Task description: The expected result is the full listing, retyped exactly, without a single picture.

Data segment:

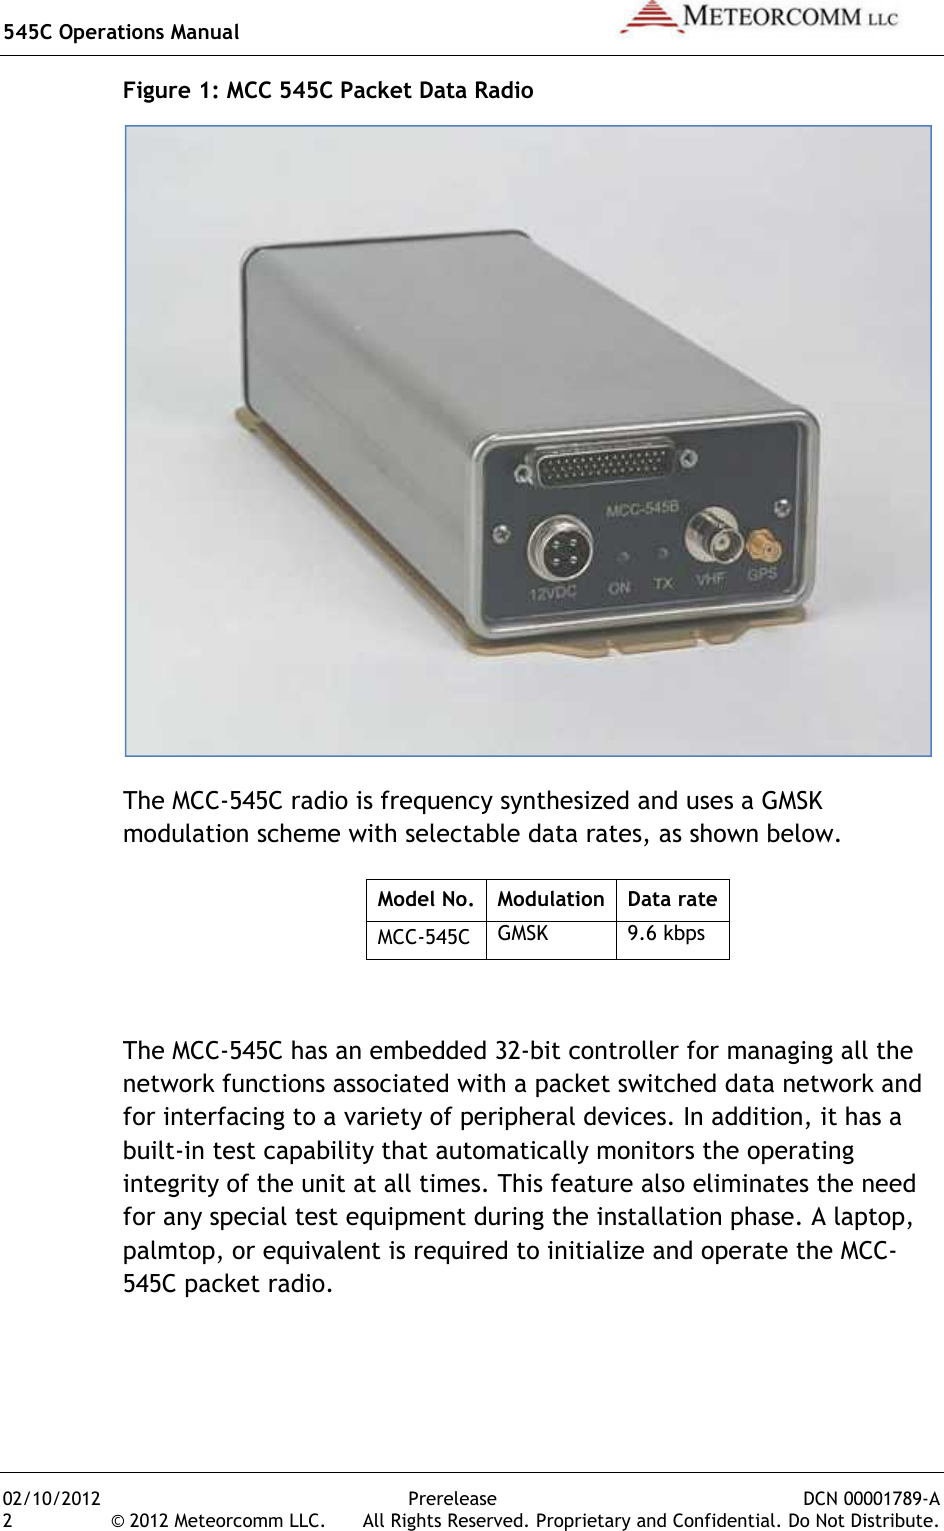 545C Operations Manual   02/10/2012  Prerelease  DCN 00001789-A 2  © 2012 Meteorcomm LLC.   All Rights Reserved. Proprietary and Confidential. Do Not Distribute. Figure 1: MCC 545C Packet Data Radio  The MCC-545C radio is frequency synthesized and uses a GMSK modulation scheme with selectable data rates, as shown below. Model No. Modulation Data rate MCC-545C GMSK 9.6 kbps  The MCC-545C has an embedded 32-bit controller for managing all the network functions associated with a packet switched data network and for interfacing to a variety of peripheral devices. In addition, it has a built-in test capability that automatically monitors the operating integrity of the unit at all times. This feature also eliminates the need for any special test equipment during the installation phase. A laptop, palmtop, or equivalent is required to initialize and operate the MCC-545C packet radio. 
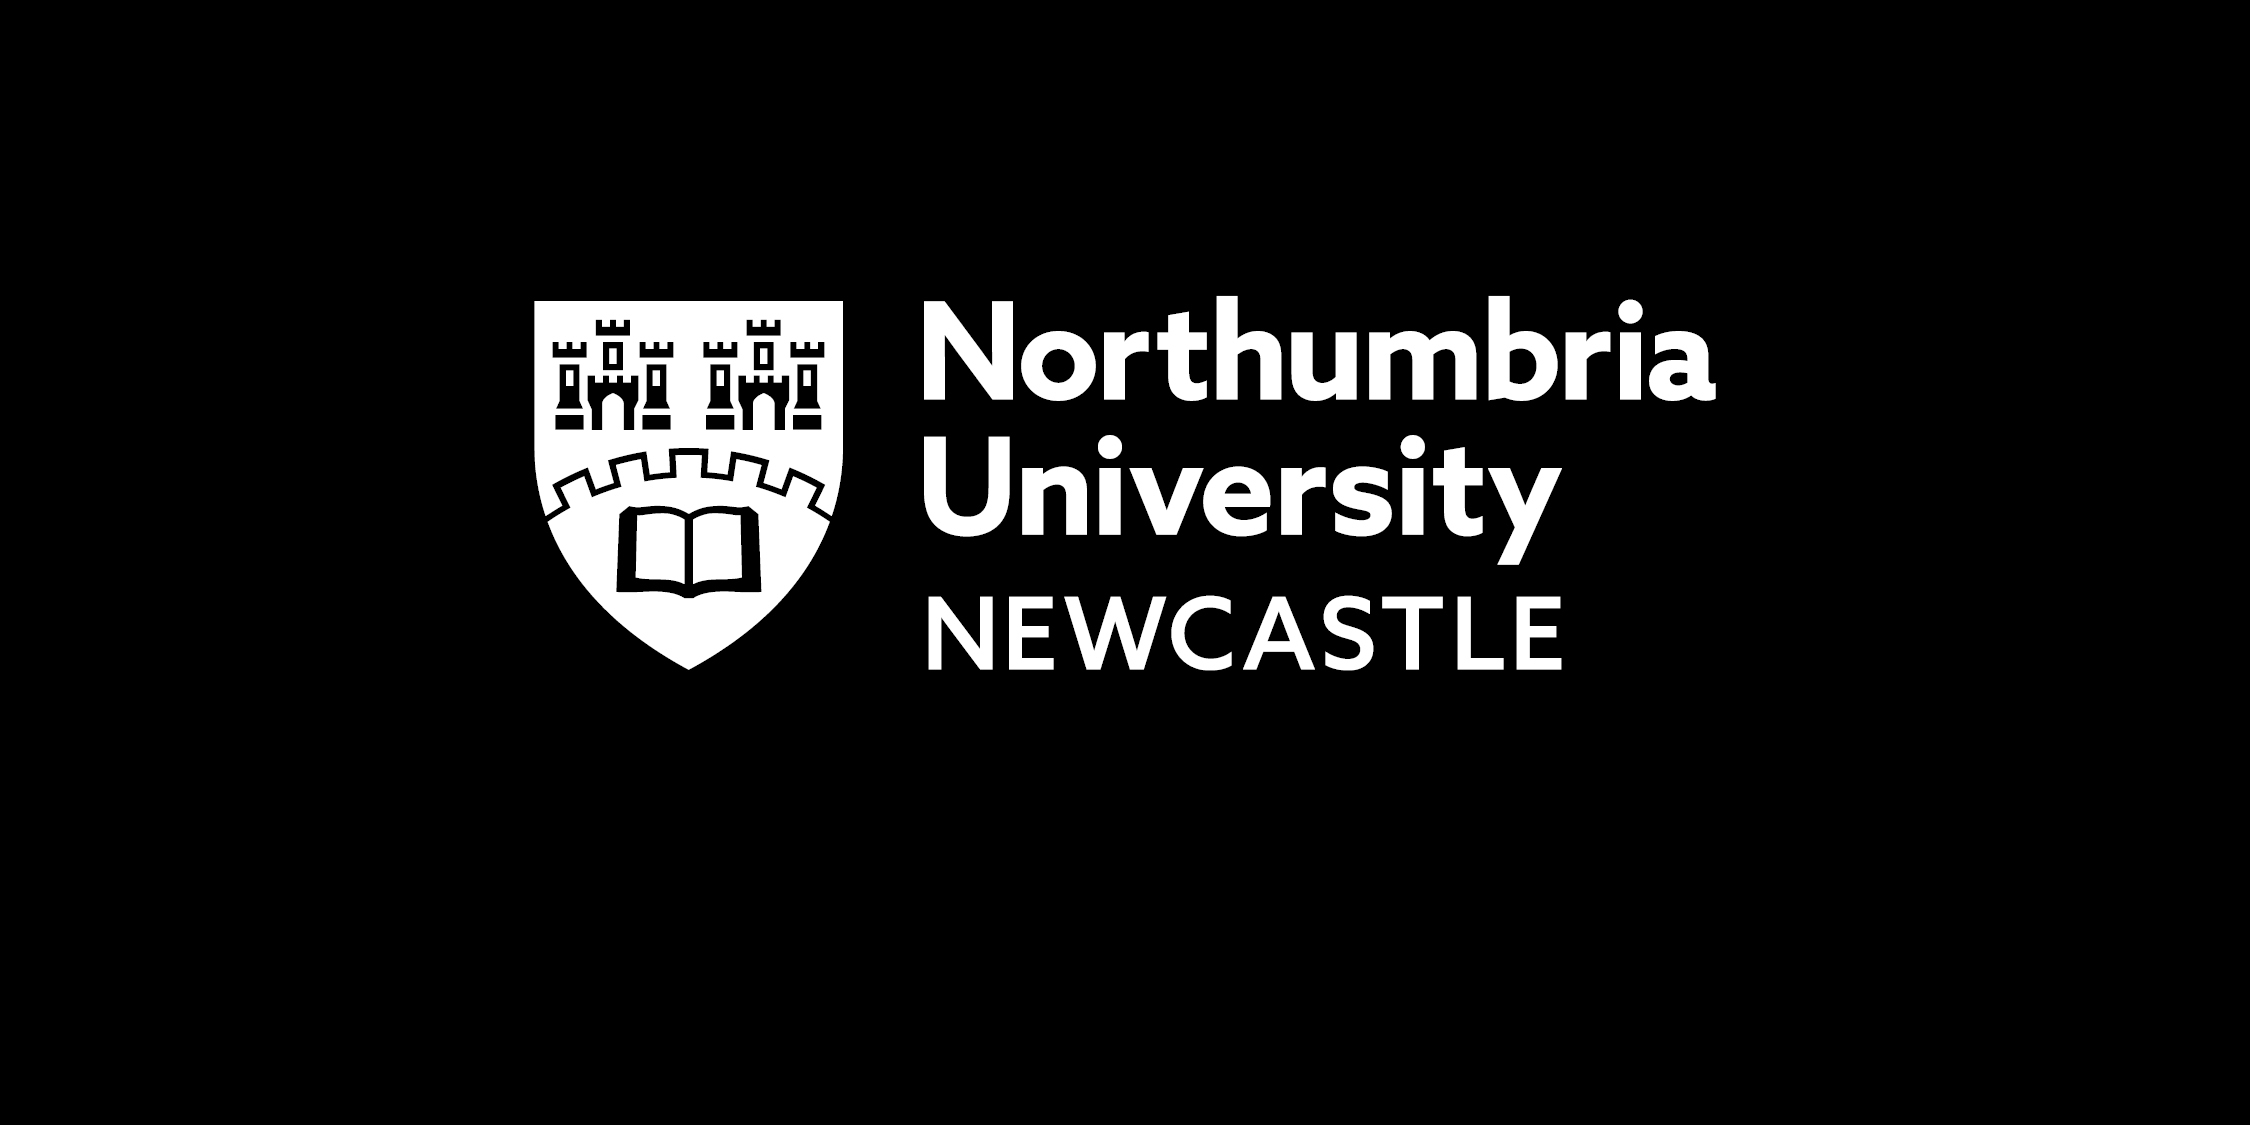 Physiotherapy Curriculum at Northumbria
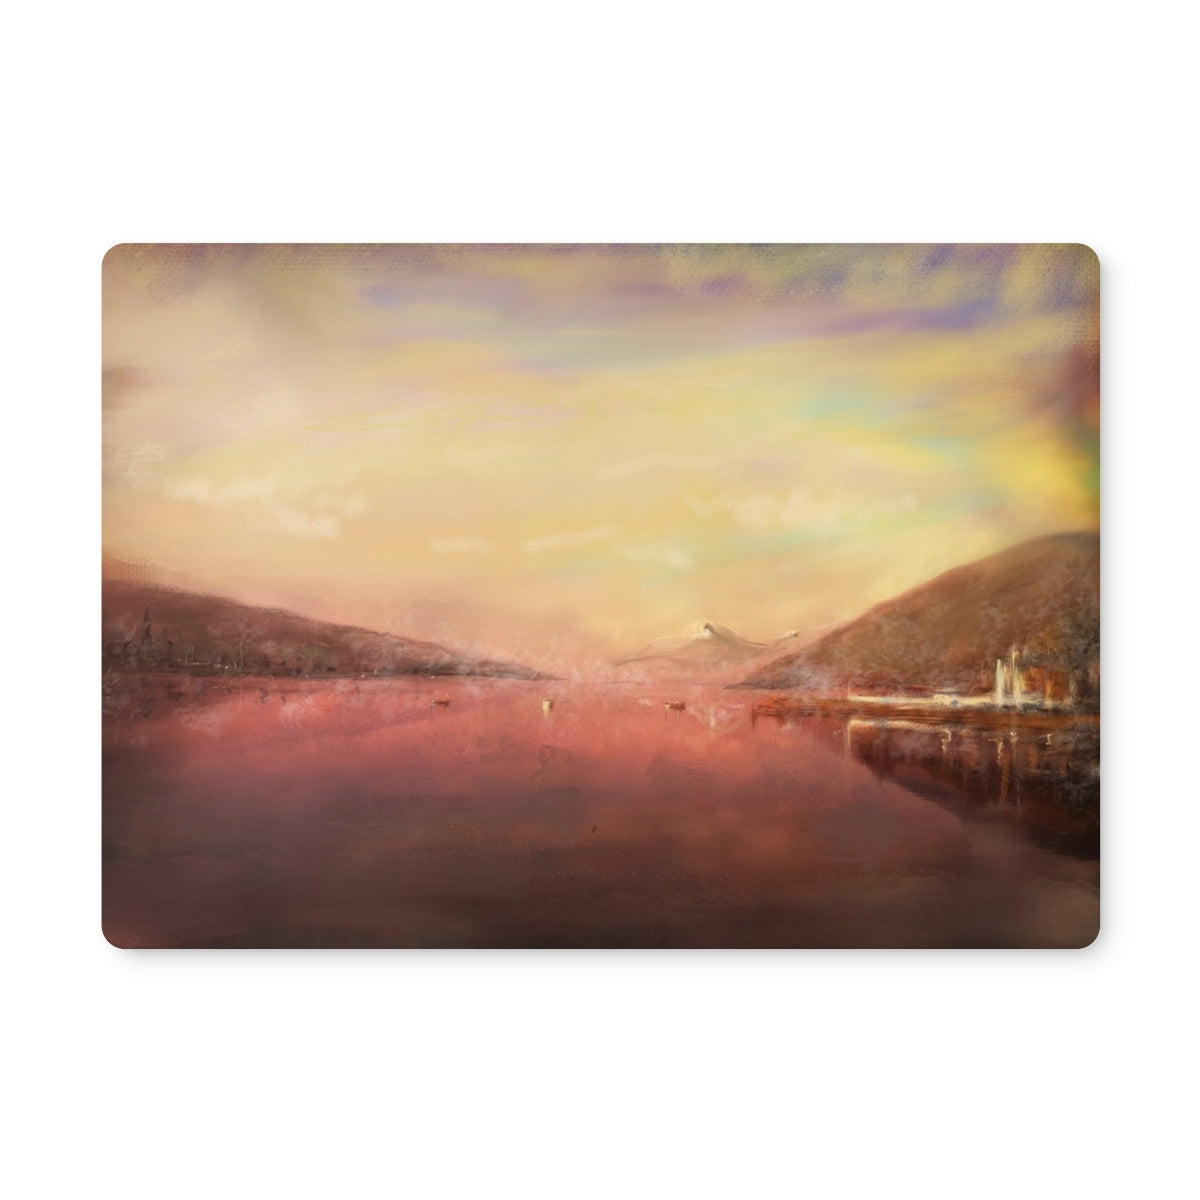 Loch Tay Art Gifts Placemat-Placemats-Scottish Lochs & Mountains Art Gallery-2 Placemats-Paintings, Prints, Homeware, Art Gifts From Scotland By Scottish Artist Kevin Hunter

Written solution:
 545C Operations Manual   02/10/2012  Prerelease  DCN 00001789-A 2  © 2012 Meteorcomm LLC.   All Rights Reserved. Proprietary and Confidential. Do Not Distribute. Figure 1: MCC 545C Packet Data Radio  The MCC-545C radio is frequency synthesized and uses a GMSK modulation scheme with selectable data rates, as shown below. Model No. Modulation Data rate MCC-545C GMSK 9.6 kbps  The MCC-545C has an embedded 32-bit controller for managing all the network functions associated with a packet switched data network and for interfacing to a variety of peripheral devices. In addition, it has a built-in test capability that automatically monitors the operating integrity of the unit at all times. This feature also eliminates the need for any special test equipment during the installation phase. A laptop, palmtop, or equivalent is required to initialize and operate the MCC-545C packet radio. 
 Physiotherapy Curriculum at Northumbria
 Loch Tay Art Gifts Placemat-Placemats-Scottish Lochs & Mountains Art Gallery-2 Placemats-Paintings, Prints, Homeware, Art Gifts From Scotland By Scottish Artist Kevin Hunter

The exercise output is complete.